Conversion programs can be run by business analysts without the involvement of other teams.
In the event of a change or new discovery, change to JDE custom programs are easy to debug and incorporate.
Once data is extracted, the conversion team independently worked on the data.
As all development is done within JDE, the team has more control on programs.
Standard Z-processors have the option to run the program in proof mode.
The approach is time saving and cost effective.
This project was also an opportunity to fix various data related issues in the legacy system. As this data was accumulated over the years (and by various processes), there were many inconsistencies identified. These are as follows:
- Inconsistent format of data (e.g., phone number format is not consistent throughout the system).
- Duplicate information (e.g, one vendor had multiple contacts, and many of these were entered multiple times).

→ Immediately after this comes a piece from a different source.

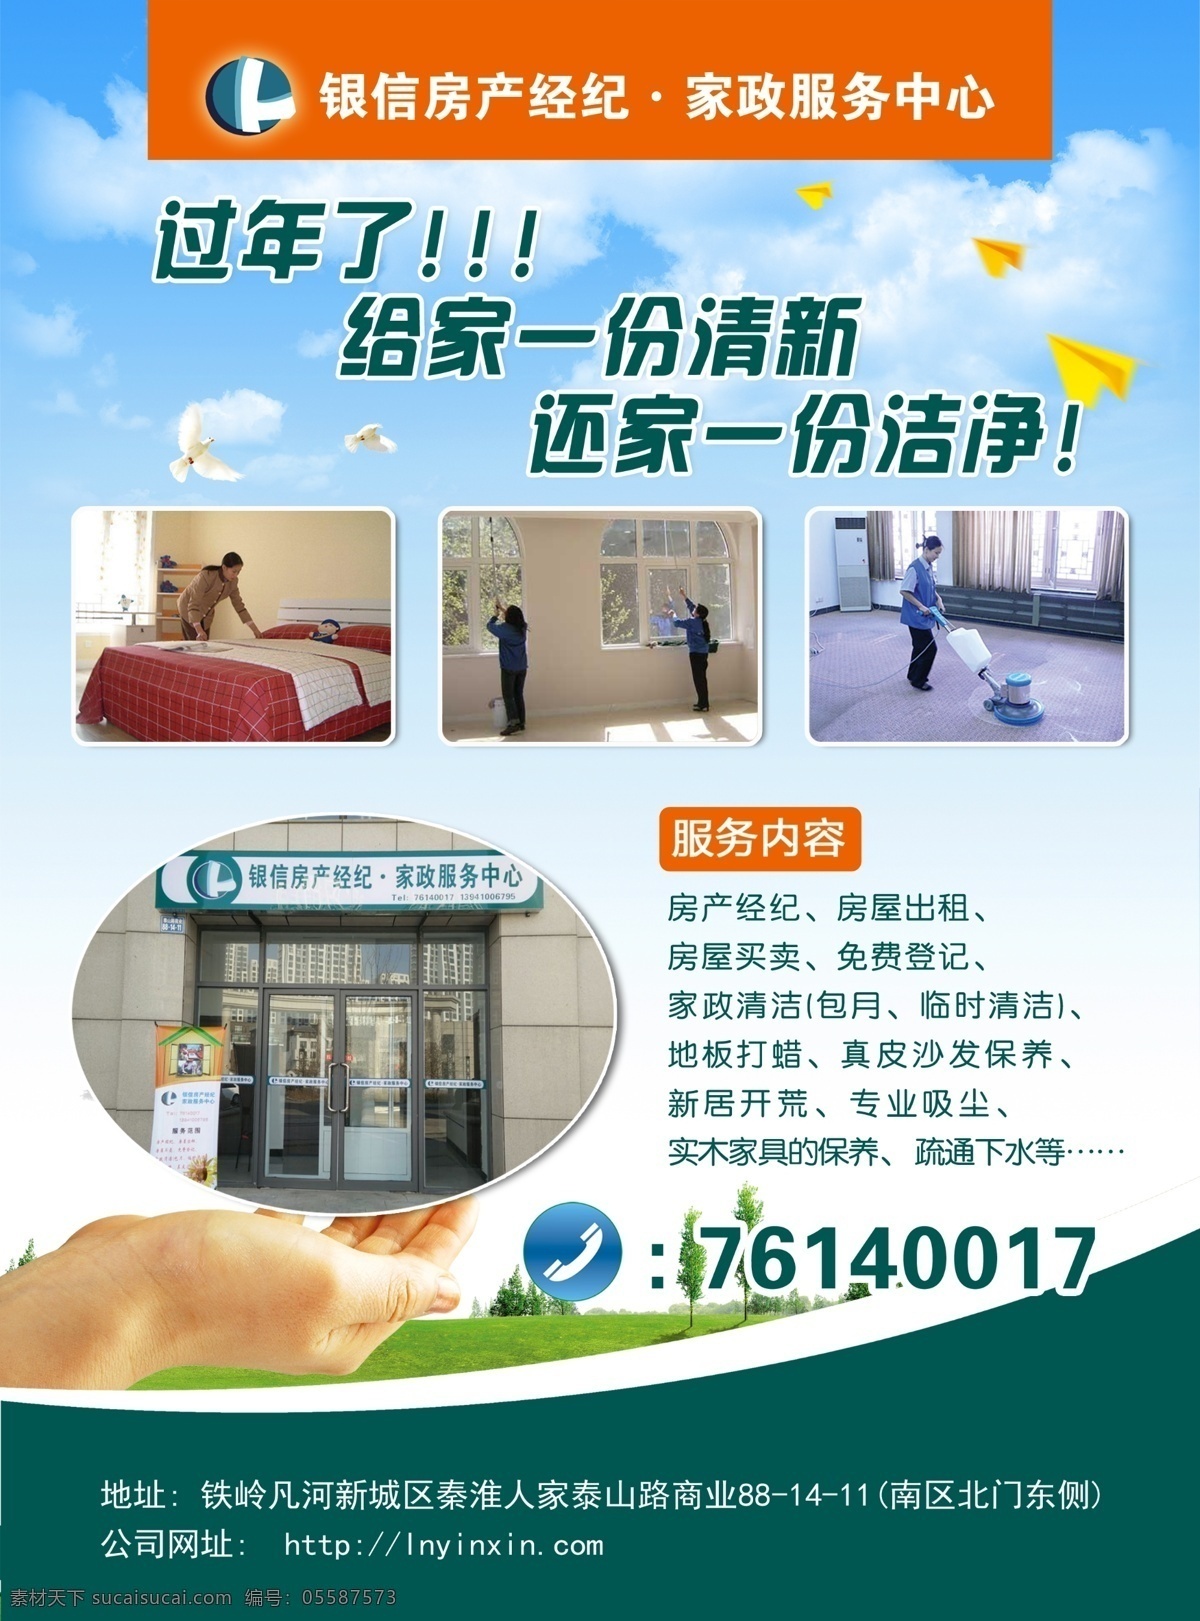 公司招聘广告 模版下载 保洁 房产经纪 家政服务 dm宣传单

- In the legacy system, there were many orphan records (e.g, there are contact records present without customer or vendor record).
- Archival of old data present.
- Previous cleanup of wrong data with fixed inconsistencies.
The Importance of Data Conversion
There were six User Acceptance Tests (UTAs) that were planned for the project. There were changes expected, but all were fixed quickly because of the robust design and use of JD Edwards development technology. No major changes/issues were identified in the converted data as well. Altogether, the project was delivered on time and within budget.
In short, data conversion is a very important aspect in many ERP implementation projects. Further, projects can be delayed and go over budget because of poor data conversion. This process should be planned in the early phase of the project to ensure success. It is key to keep the data conversion program (technology) simple, as these are run only once, just before go-live. Once you’ve converted all required data, these programs are no longer needed, so do not exhaust too much effort on the program itself. Rather, focus on the overall design so the converted data is clean and complete.